By HENRY OWINO

Over 100 health experts from eighteen countries, several of them from Africa signed onto a statement on 22, June, assuring retailers and consumers that reusables are safe during COVID-19, pushing back on claims by the plastic industry.

The health experts  joined by Greenpeace USA and UPSTREAM, both members of the Break Free From Plastic movement  to emphasize that disposable products are not inherently safer than reusables and that reusable systems can be utilized safely during the pandemic by employing basic hygiene.

“Single-use plastic is not inherently safer than reusables and causes additional public health concerns once it is discarded. The promotion of unnecessary single-use plastics to decrease exposure to the COVID-19 negatively impacts the environment, marine life and water systems compared to the safe use of reusable face masks, containers and utensils,’’ said Rico Euiridou, South African Environmental Epidemiologist.

The statement endorsed by scientists, academics, doctors, and specialists in public health and food packaging safety around the world, notes that household disinfectants have been proven effective at disinfecting hard surfaces, such as reusables. The statement follows several temporary pauses on plastic bans across the world and increased bans on reusables by shops amid COVID-19.

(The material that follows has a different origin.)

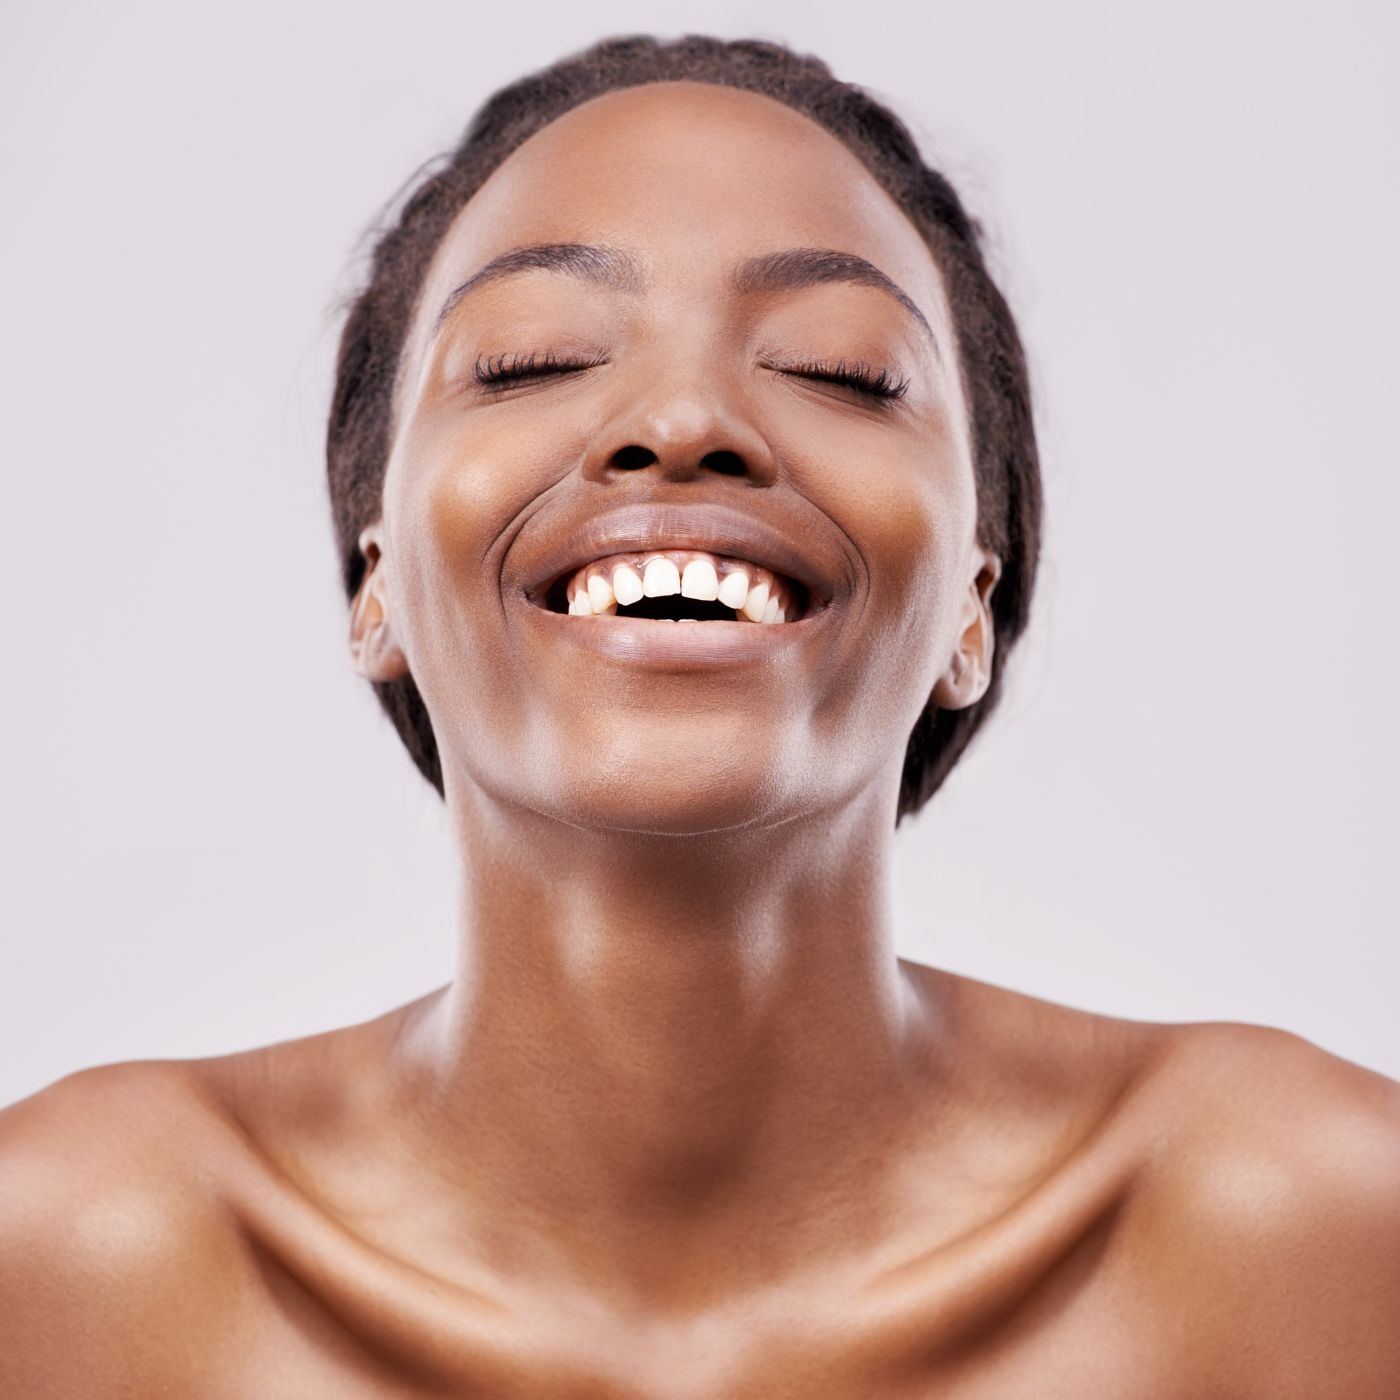 7 habits of people with great skin

“It is shocking to learn that, in Kenya for instance, unscrupulous traders have been collecting used face masks, washing them and re-selling them to unsuspecting members of the public. The traders have taken advantage of COVID-19 to risk the lives of unsuspecting members of the public,” said Frederick Njehu, Greenpeace Africa Senior Political Advisor.

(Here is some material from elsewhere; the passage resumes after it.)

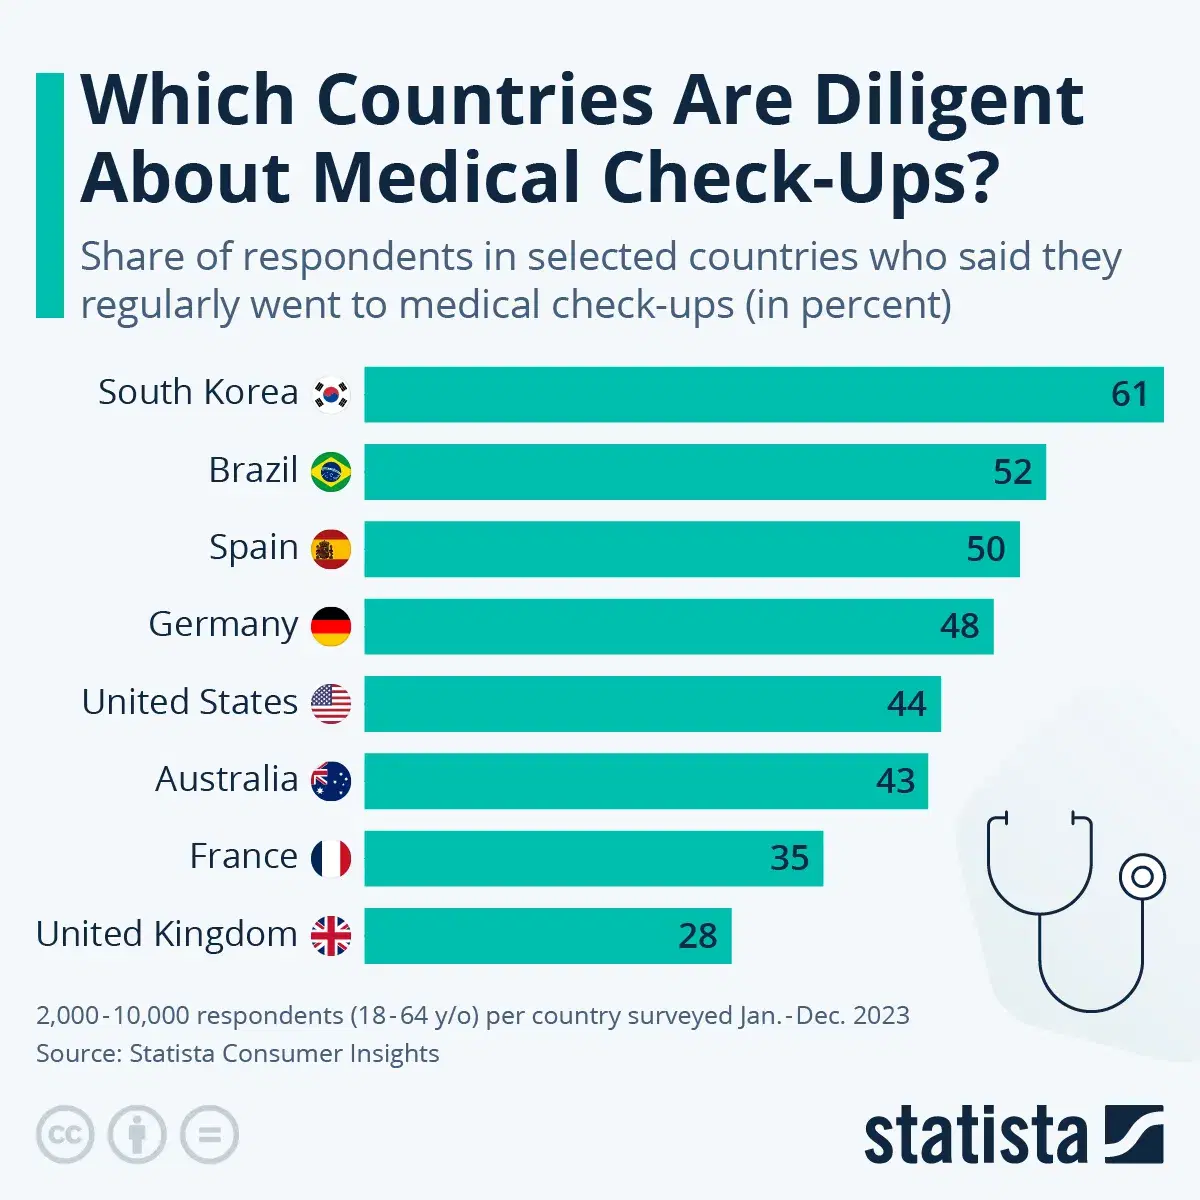 Which Countries Are Diligent About Medical Check-Ups?

“It is crucial for businesses, and governments to know that as they reopen, reusable systems can be deployed safely to protect both the environment, workers and customers. All that is needed is for proper hygiene practices to be followed.’’ Njehu added.

Throughout the COVID-19 pandemic, the plastic industry has worked to boost profits and demonize reusables. Pauses on plastic bans following a significant public relation push from the plastics industry using older industry-funded research to claim that reusables are more dangerous than disposables during COVID-19. 

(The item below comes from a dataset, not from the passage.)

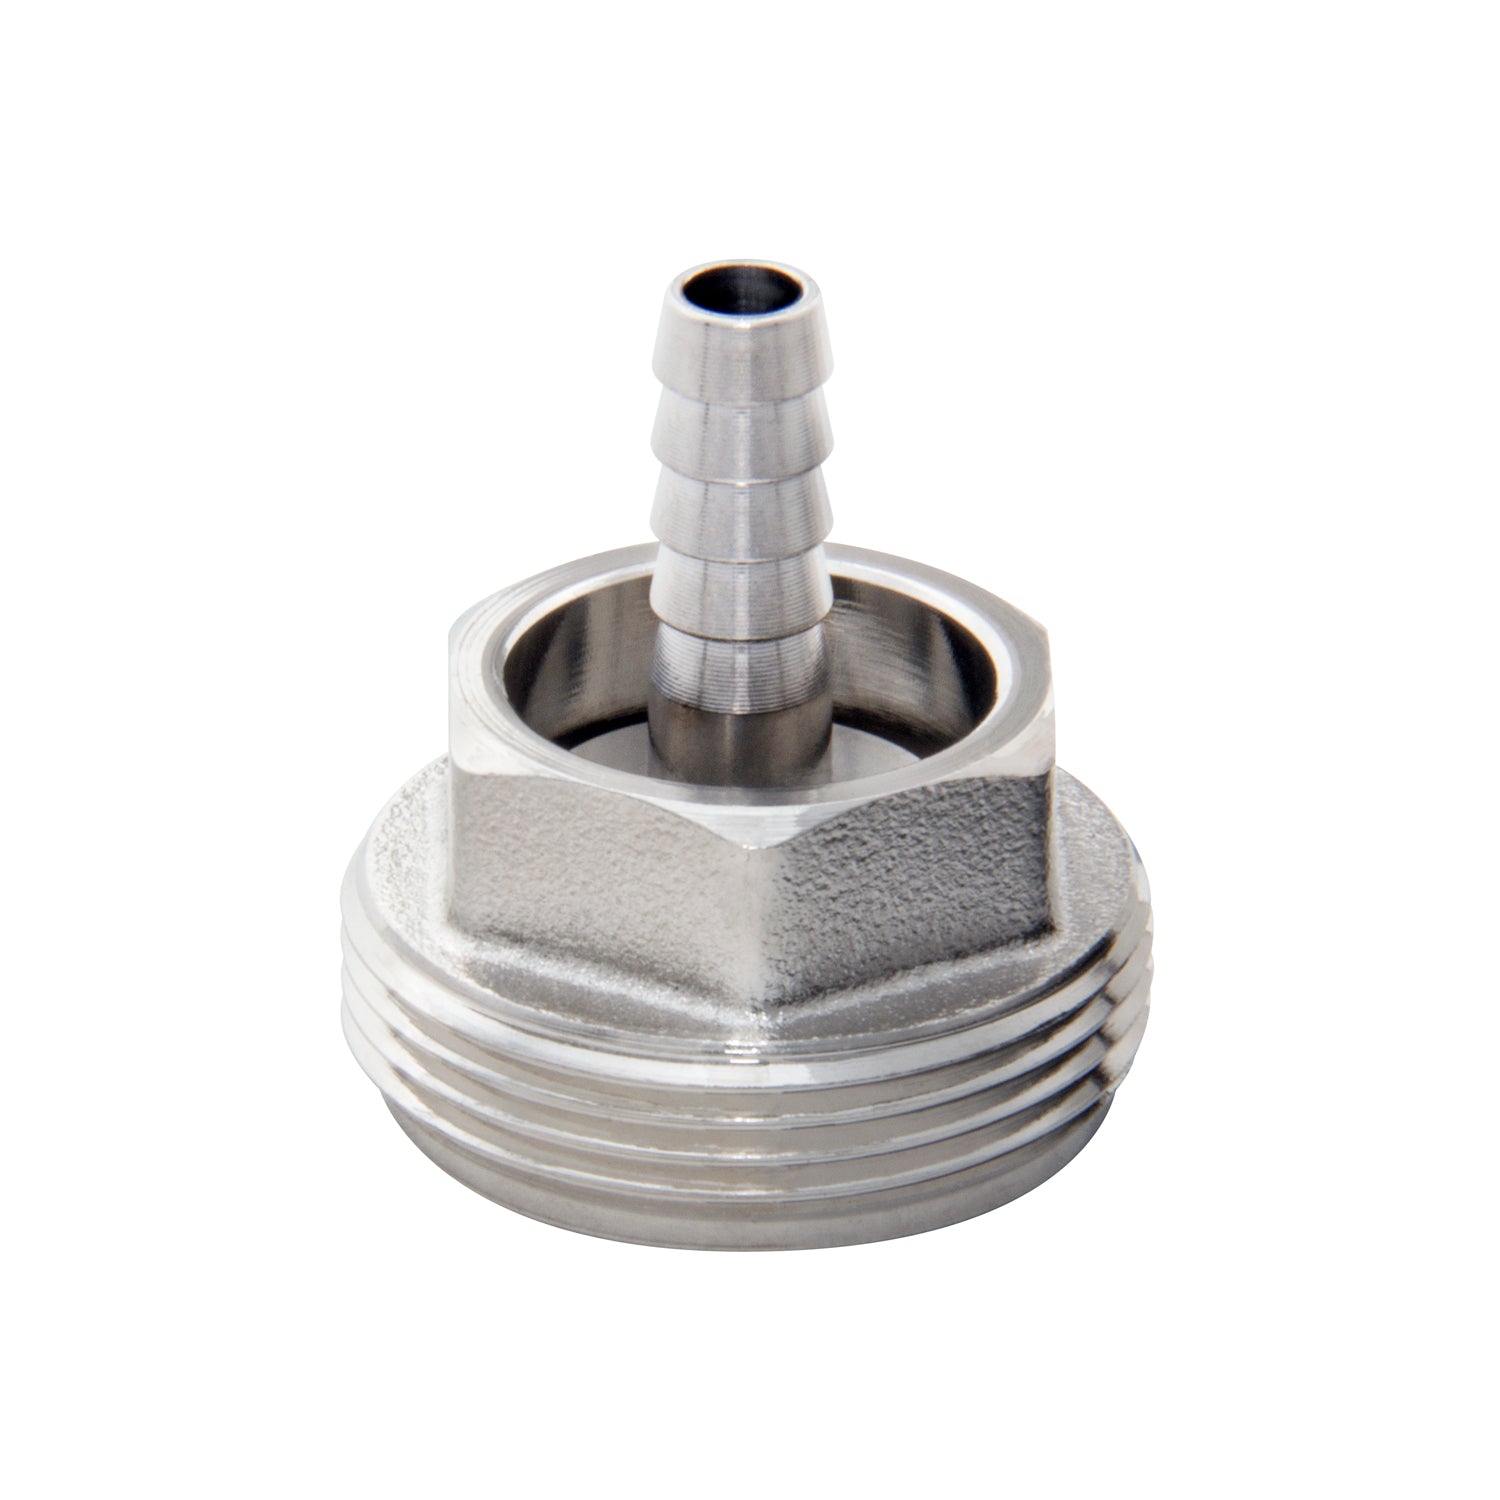 Threaded Faucet Adapter with Hose Nipple

“Over the past few months, there’s been a lot of conflicting information about how the virus is spread, but we now know that surfaces are not the main way we’re exposed,” said Matt Prindiville, CEO of UPSTREAM – a nonprofit sparking innovative solutions to plastic pollution.

“Plastic harms our health along the entire supply chain. Fortunately, COVID-19 is easily destroyed by proper washing, so restaurants, grocery stores and other businesses can still serve us using reusable items in ways that protect health without harming the environment.” Matt emphasized.